Researchers at UK's University of Sheffield identified the specific modification to proteins that wrap around the DNA of cancer cells, protecting them from chemotherapy treatment.
Most types of chemotherapy and radiotherapy kill cancer cells by causing many breaks in the DNA ? the blueprint that carries the information needed to make proteins, and for cells to survive.

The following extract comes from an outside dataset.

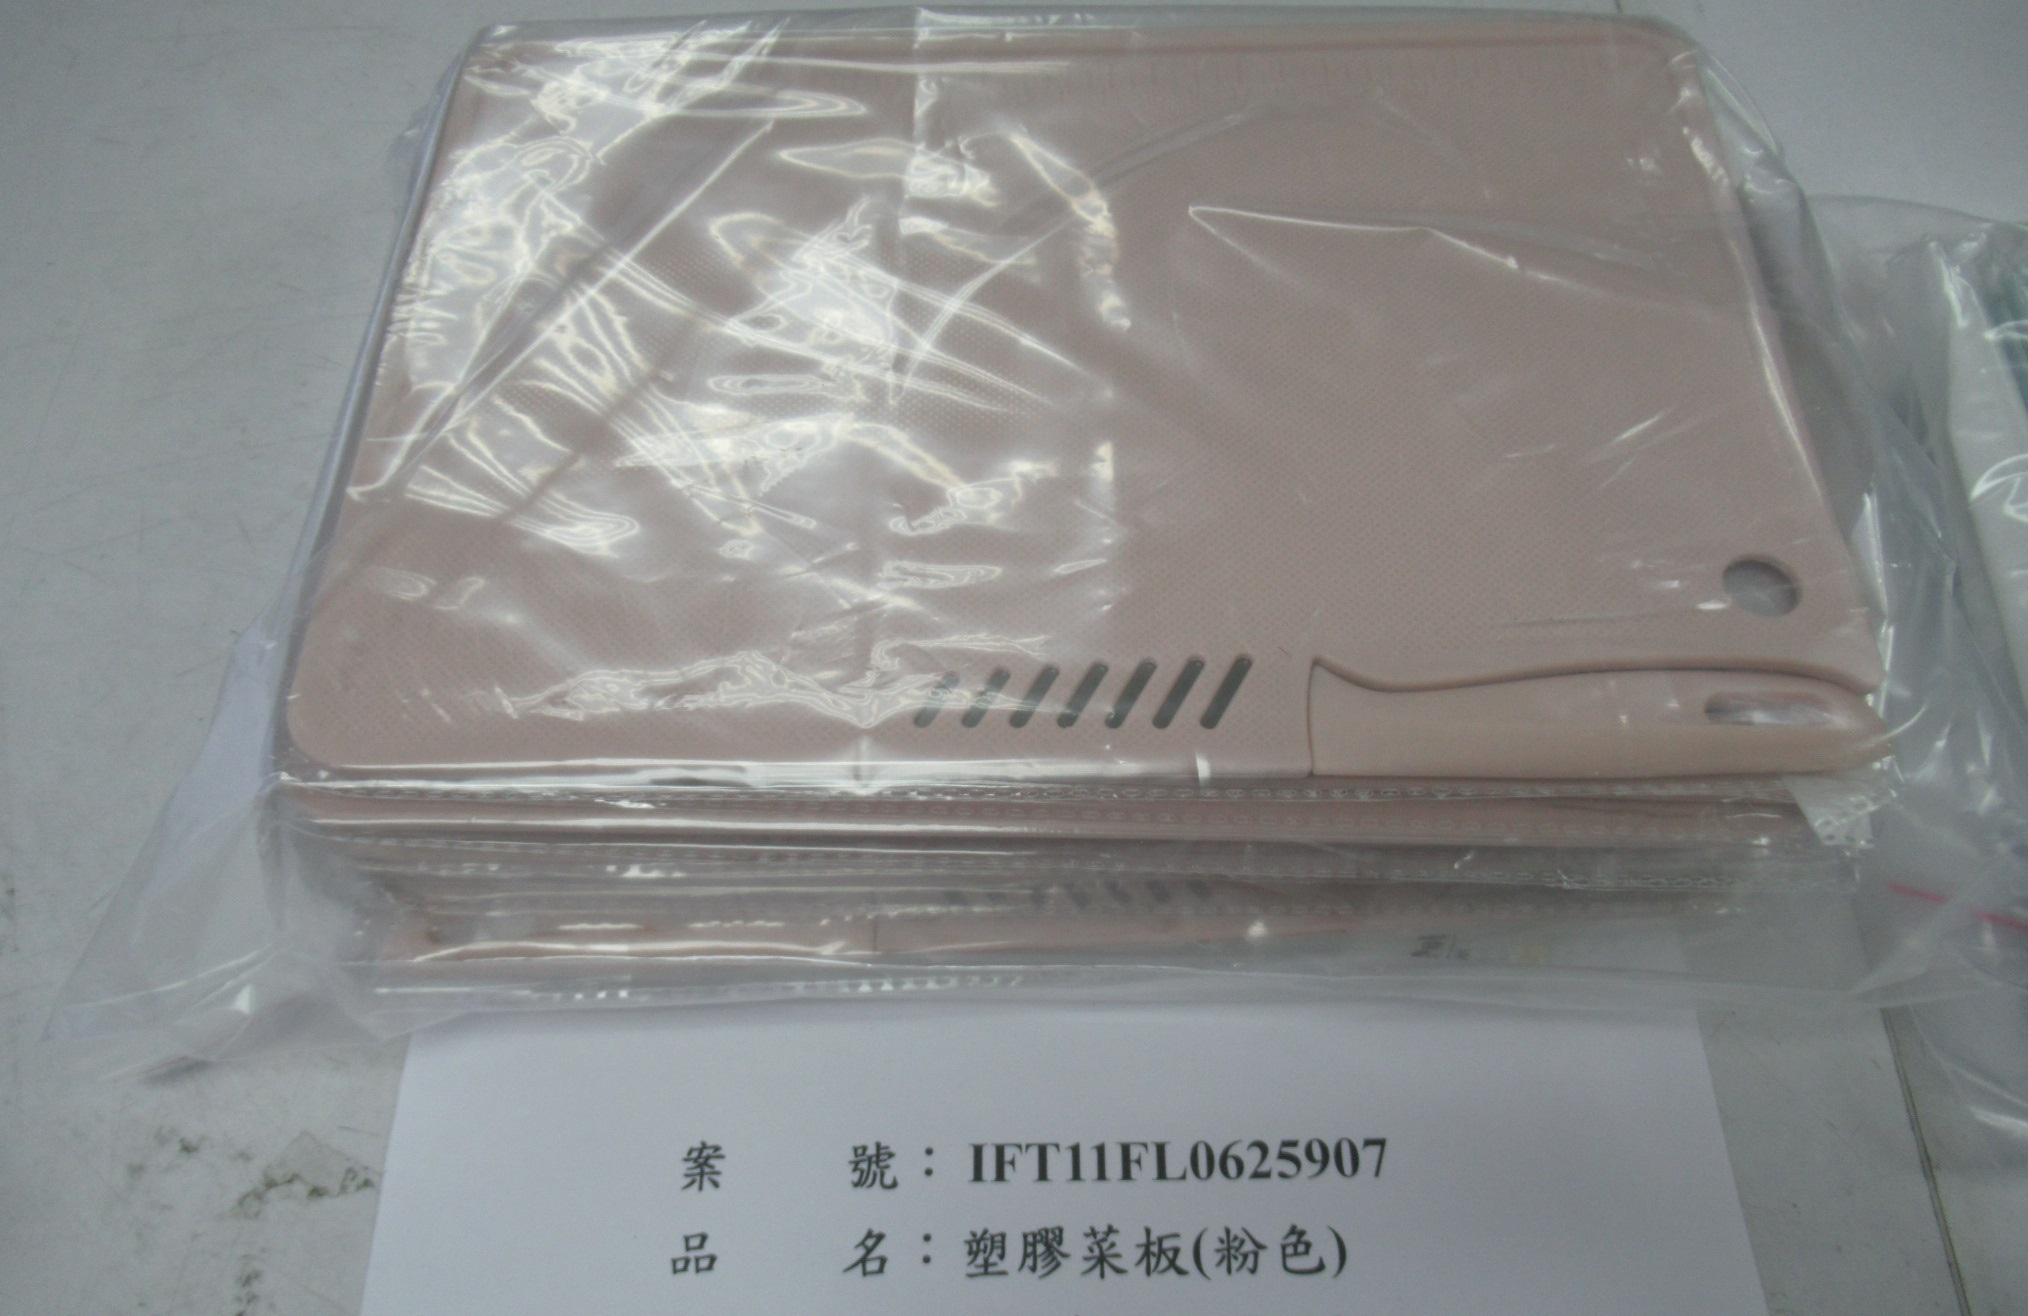 中國大陸出口「塑膠菜板(粉色)」容器具-溶出試驗不符規定

Unfortunately, cancer cells fight back by trying to fix the breaks through a toolkit of specialised armies, giving cancer resistance to therapy.
However, a team from the Krebs Institute for Nucleic Acids at the university found that the key to preventing resistance to a common class of chemotherapy used to treat breast and colon cancer is to change the speed in which the cancer cells repair damage to their DNA that is introduced by chemotherapy.
Professor Sherif El-Khamisy, who led the research, said: "If we can find a way to hijack the cancer's fix and repair toolkit and make it less efficient, then we can tip the scale in favour of cancer cell death instead of survival and prevent resistance to chemotherapy.
"We have discovered that resistance to a common class of chemotherapy, used to treat colon and breast cancer, is caused by changes in the speed by which the tool kit components travel to, and stay at, the sites of DNA breaks.
"Our researchers were able to identify a change in a specific mark in the proteins that wrap the DNA ? called histones ? in such a way that makes repair much faster in cancer cells, increasing their resistance to therapy."
El-Khamisy, a Wellcome Trust Investigator and Director of Research and Innovation at the university's Department of Molecular Biology and Biotechnology, has been working on the research for four years.
"The change we identified is not genetic ? but epigenetic," said El-Khamisy.
"This means that the histone mark proteins are like the directors in a film. The script of the film stays the same but the director - the histone mark - can choose to eliminate, slow down or speed up certain scenes or dialogues, altering the film for better ? cancer cell death - or worse cancer cell survival."
He added: "The team were able to inhibit the activity of the enzyme that controls the 'scene' ensuring that the film always has a happy ending ? reversing the resistance of cancer cells.
"This means that patients who develop resistance to certain classes of chemotherapy can benefit from drugs that modulate histone marks such as histone deacetylase inhibitors, some of which are already approved by the Food and Drug Administration."
The findings were published in the journal Nucleic Acids Research.